My brother’s eyes as he realized I was the angel of death coming to get him are burned into my brain. I remember my monster all too well. As I float through the past but I cannot find him in me any longer. I should be fighting to stay alive, to wake up. For her. But I cannot find the strength I need to do it. My demons are gone I am weak without them.

 

The song repeats over and over I cannot keep track any longer it is blurring the lines of time and I feel as if I am my own ghost. I don’t want this any longer. I don’t know if I want to live or die, but this is neither.

“ROBIN, SOMETHING ISN’T right. Callum would come if he knew. I cannot speak to Neil he isn’t there anymore I keep getting Art. I don’t understand. I know I am the sister who should be dead, but my heart tells me my brothers are in trouble if they are not both fucking dead.”  I fight the tears as I try to tell my husband what the little ghost in my heart is saying to me. I have tried everything to contact them even calling Neil, who shouldn’t even know I am alive. I even googled them. It’s like they have just been deleted from the earth. Nothing, nothing and I’m scared.

I am done with losing everything I love to this fucking world. I hate it. I hate the very blood in my veins. I fucking hate that I am an O’Reilly. I changed everything, my name the way look the colour of my hair everything! But I cannot erase my father’s blood from mine.
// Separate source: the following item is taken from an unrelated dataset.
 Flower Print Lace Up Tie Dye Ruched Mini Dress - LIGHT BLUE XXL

As I sit cradling my friend's crying baby in my arms, I know she is crying for her mama, the mama who isn’t coming home. I know she has a broken heart, and she is only a month old. I do not think any of us will live through this unscathed. Laurie had fixed us all just a little bit; her ability to not only survive but thrive after the years of torture was astounding. We watched her change into the most beautiful woman, we watched her thaw Rowan and make him feel. She brought him to life and then they found their common ground, a way to be together in their darkness. Now she is gone, he is broken, and I know that there is no one who could fix him this time. Laurie always said that losing each other would be the worst pain in the world. I am watching him in agony. Worse than that I am aching too. I lost a friend probably the only friend I have ever had. I am holding her baby forced to face the loss of my little boy and I cannot walk away just because it hurts I have to just sit here and let it hurt me. Rip my heart out and crush it. Again.
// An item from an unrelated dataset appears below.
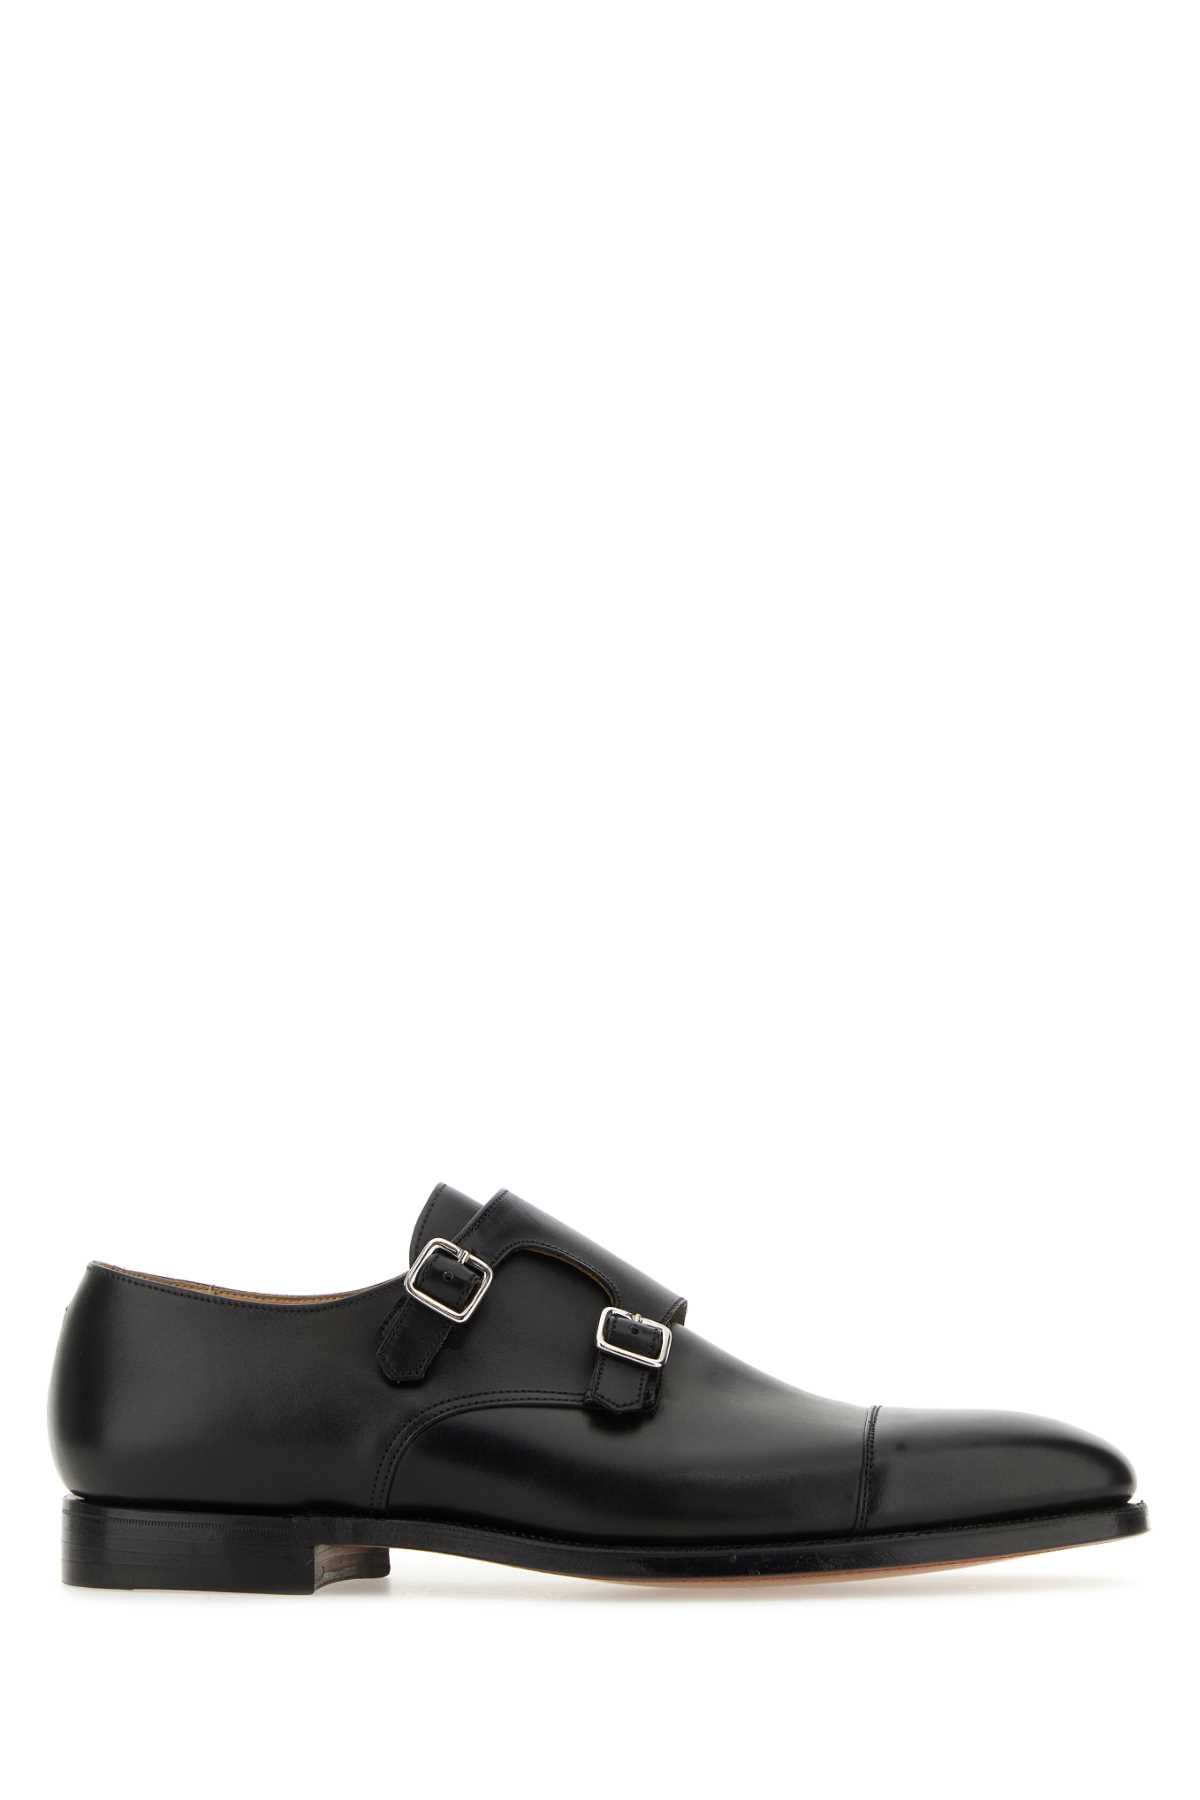 Black Leather Lowndes Monk Strap Shoes

Callum has been gone so long I am not sure what to think but I know something is wrong. I left a message for him he should know by now. He should be here, Rowan needs him right now. This is his chance to make up for the wrongs between them and he isn’t here. The connection I feel to him is lost and I fear that he is dead in the aftermath of our father’s unfortunate dealings with bad people. I know that there are bad things happening to my family. I don’t care about them in fact I hate them all, but Callum, he saved me and I love my brother dearly. I hope that he isn’t just another casualty in this war. Another black-hole child just like the one I am holding destined to be the price of her parent's name. This little girl is born out of blood, murder and vengeance, but love to.